%%

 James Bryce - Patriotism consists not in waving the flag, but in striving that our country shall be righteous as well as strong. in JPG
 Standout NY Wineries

%%
%%

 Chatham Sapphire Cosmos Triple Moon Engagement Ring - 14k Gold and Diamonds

%%

- Task to carry out -
Everything starting at the line containing "James Bryce - Patriotism" and ending at the line containing "Standout NY Wineries" in the records above should be repeated exactly, and only that.

- Task result -
 James Bryce - Patriotism consists not in waving the flag, but in striving that our country shall be righteous as well as strong. in JPG
 Standout NY Wineries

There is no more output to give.